── DATA ──

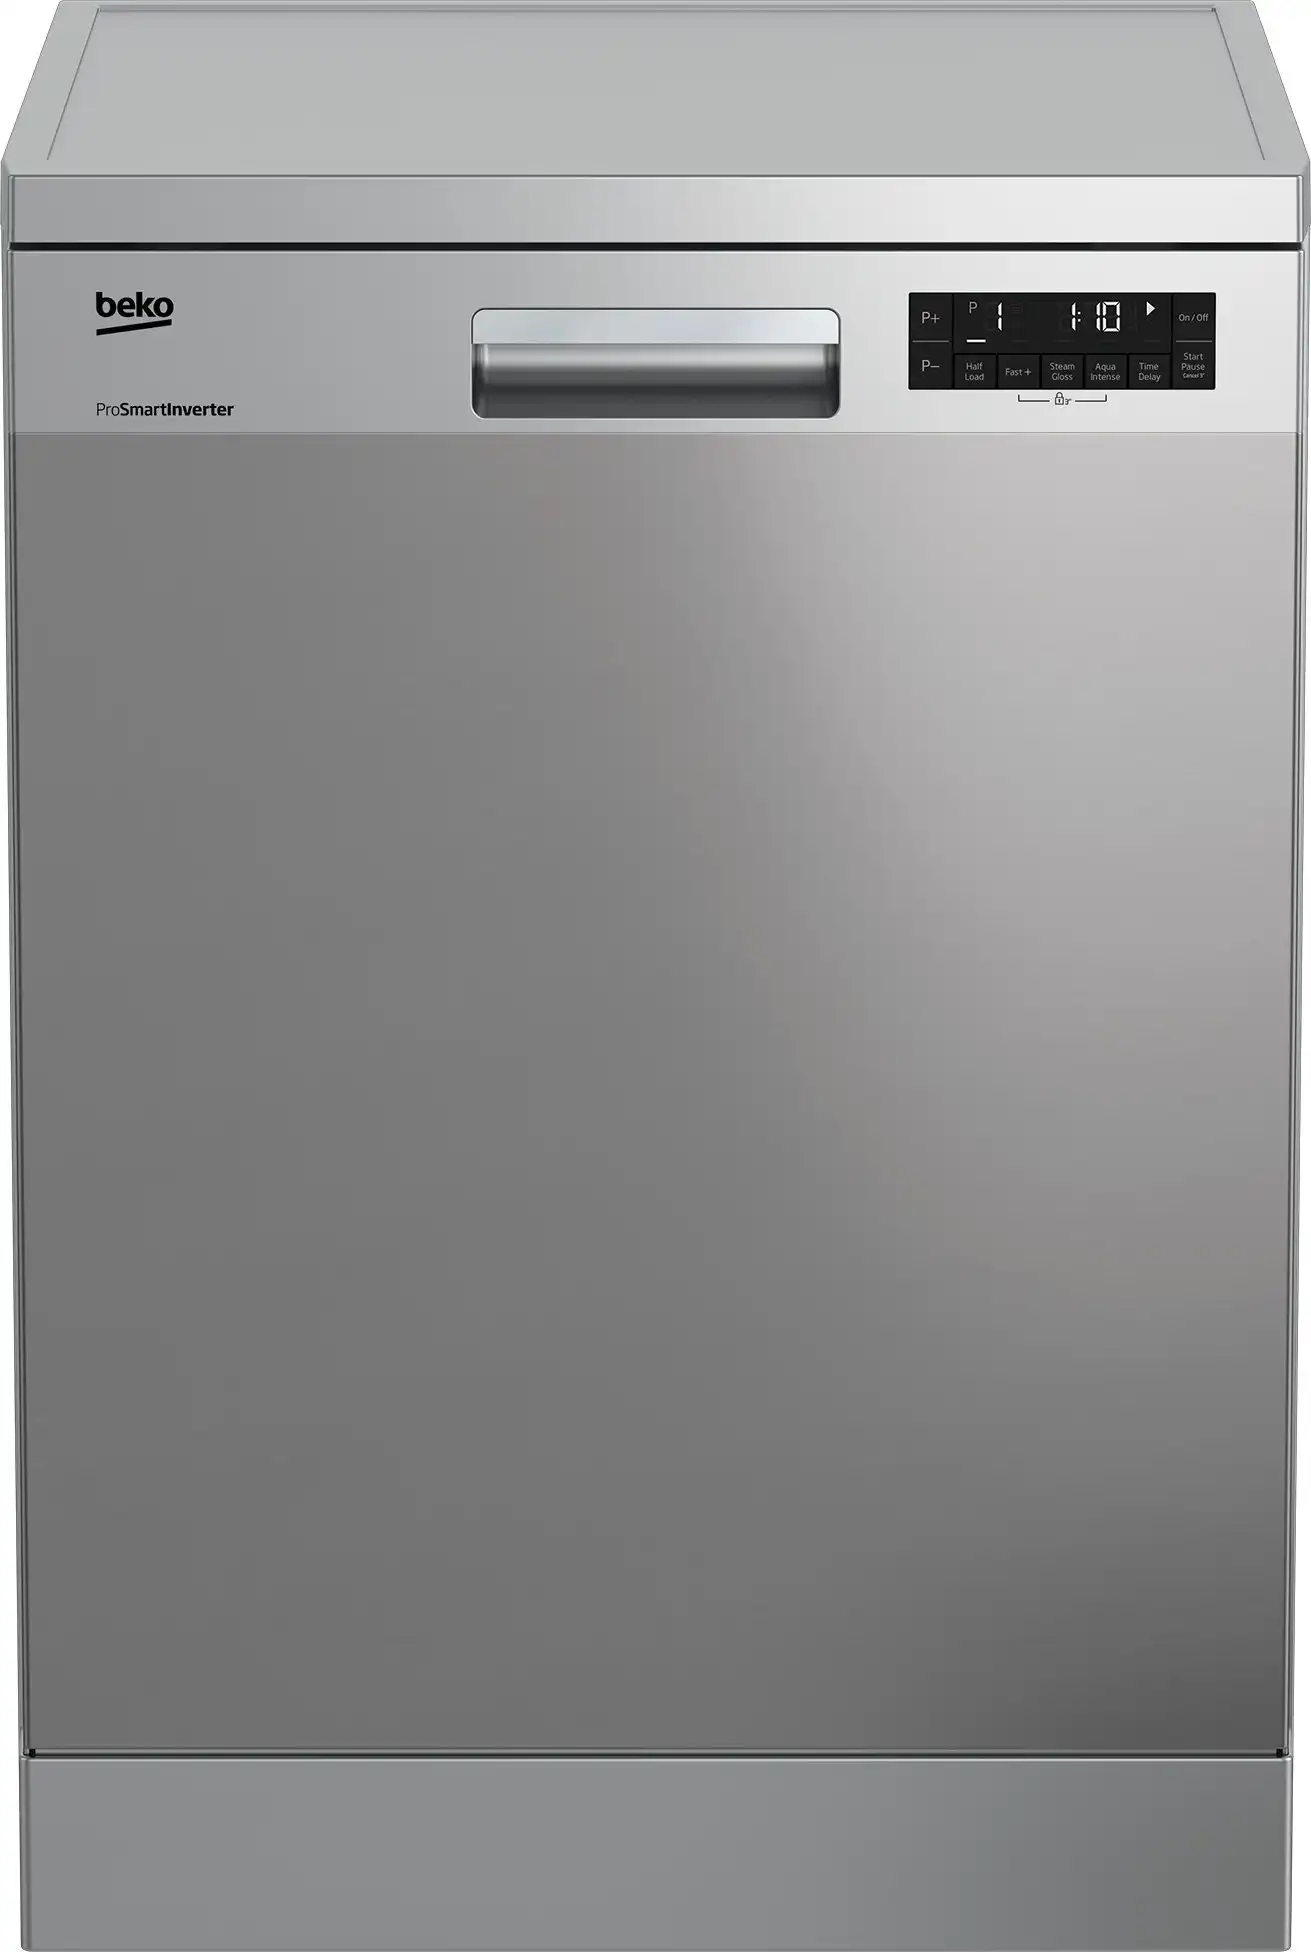 Beko 60cm Stainless Steel Freestanding Dishwasher
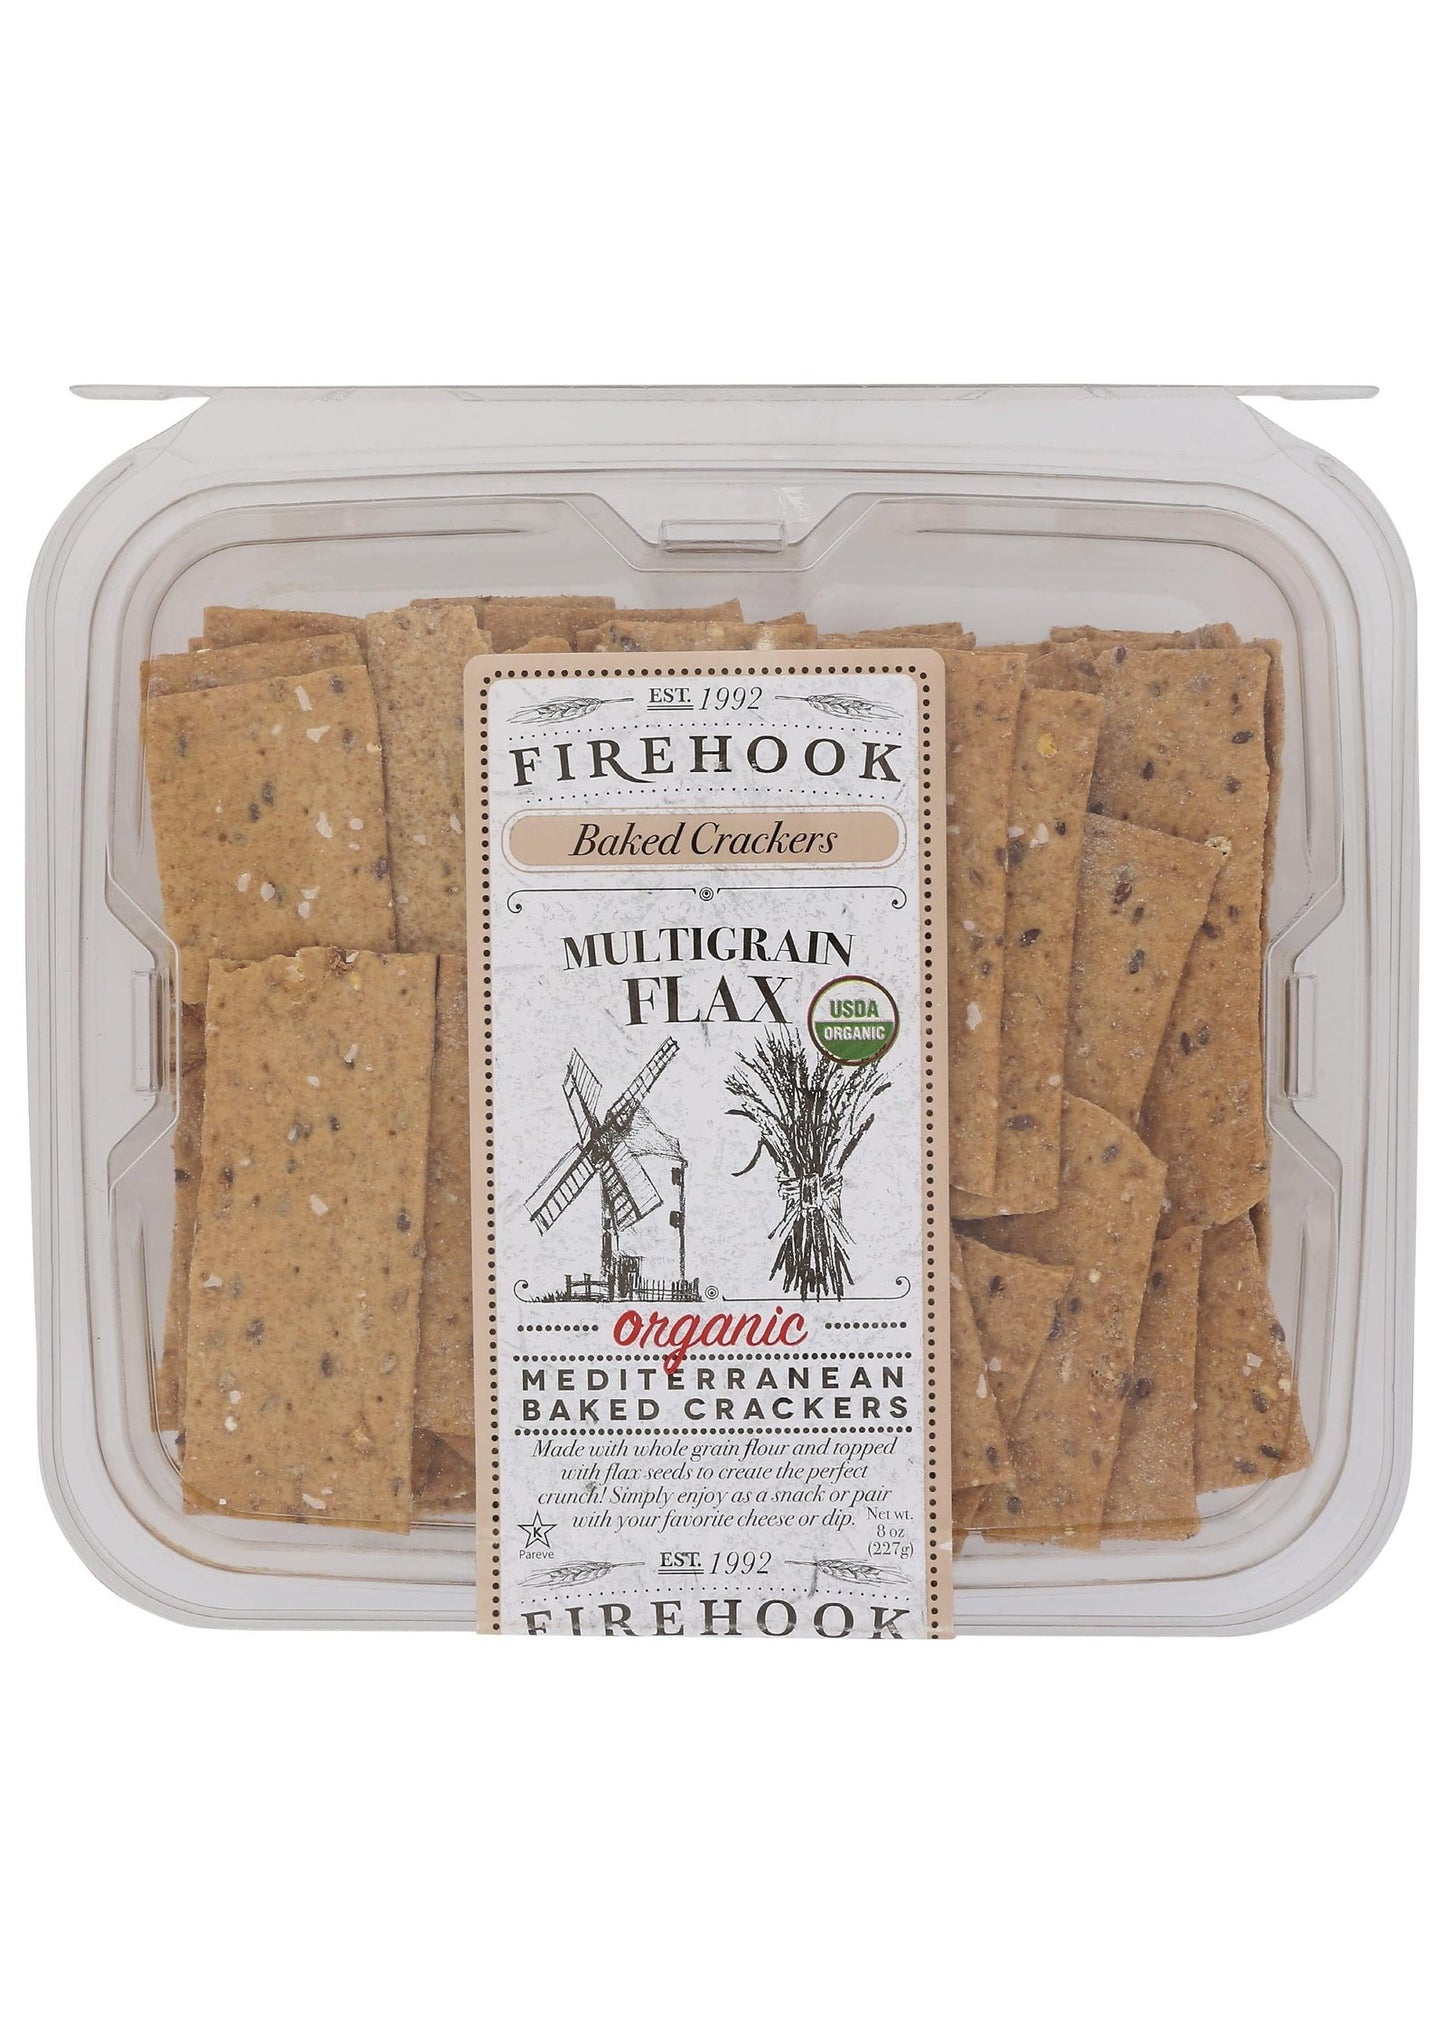 FIREHOOK Faxseed Cracker
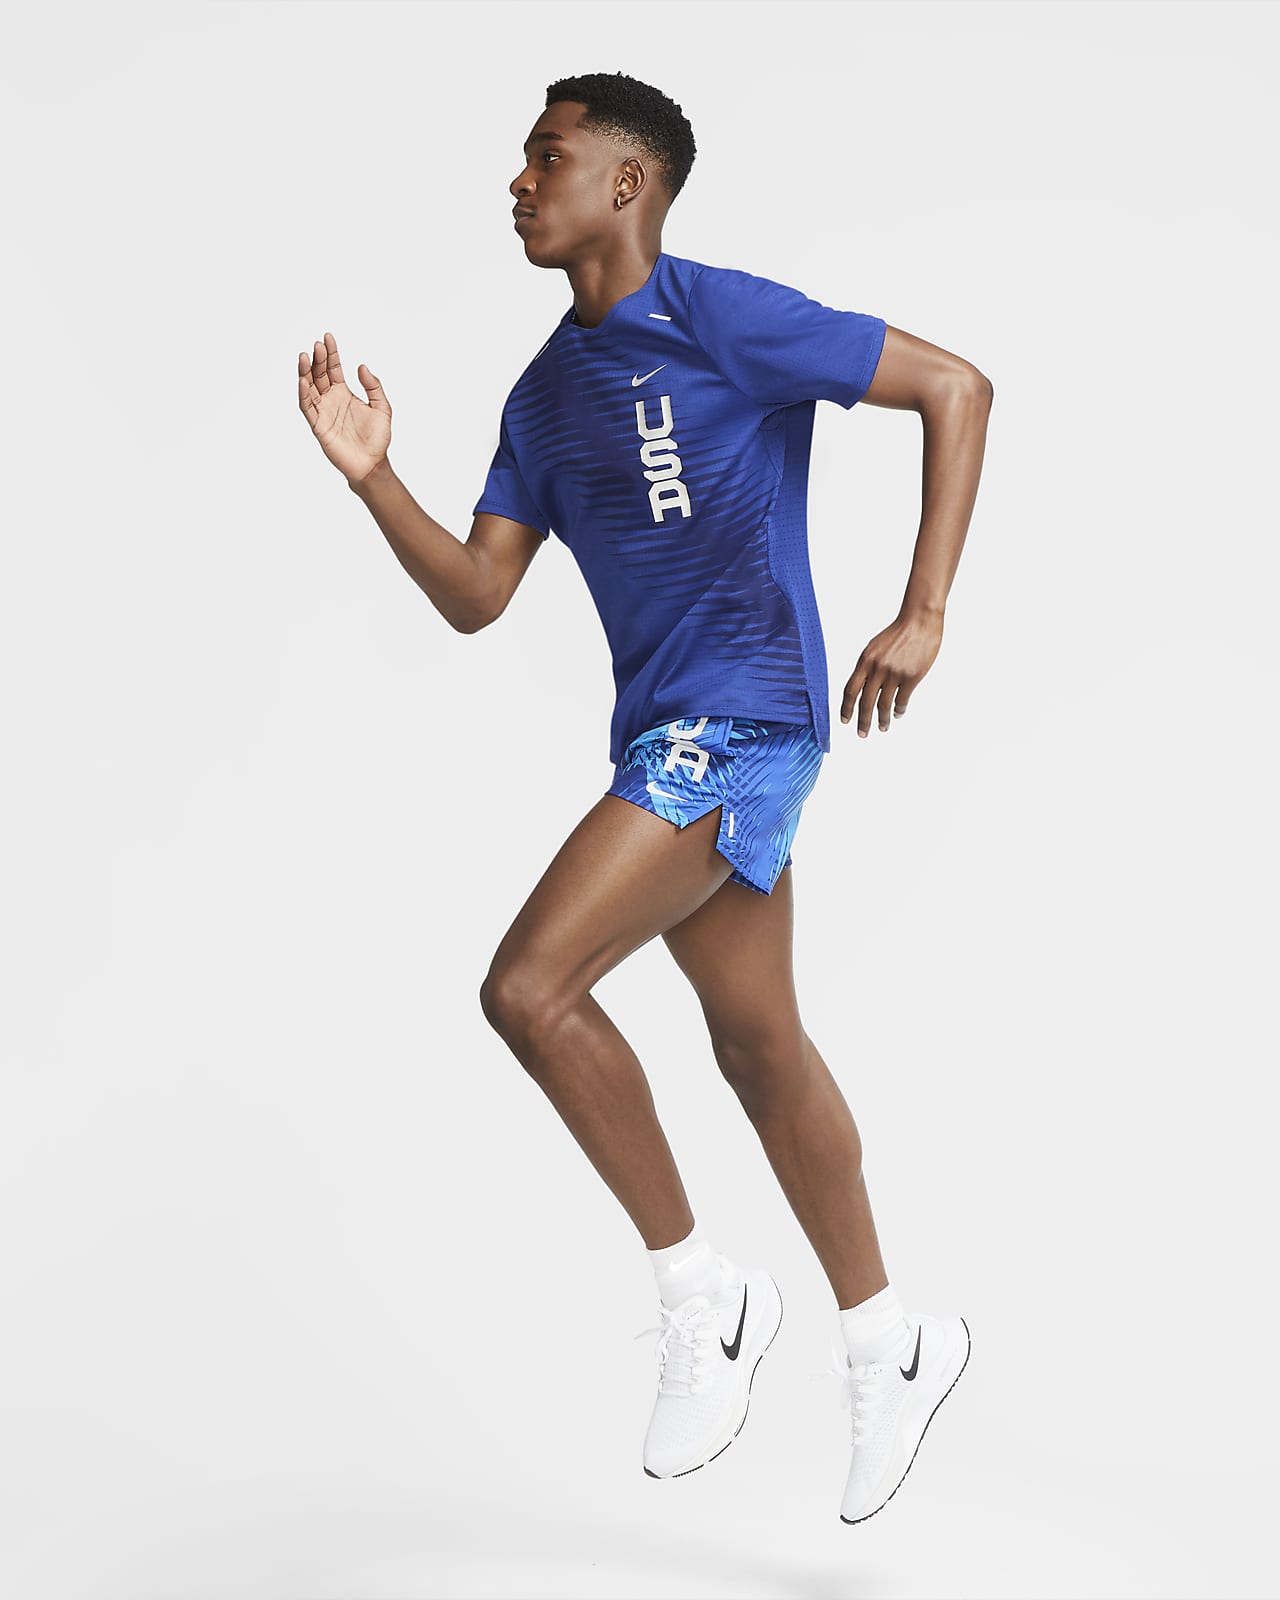 Nike Team USA Flex Stride Men's Running Shorts

───

_ASSIGNMENT_
The response must match the listing exactly, except that pictures are removed.

_REPLY TO THE TASK_
 Beko 60cm Stainless Steel Freestanding Dishwasher
 FIREHOOK Faxseed Cracker
 Nike Team USA Flex Stride Men's Running Shorts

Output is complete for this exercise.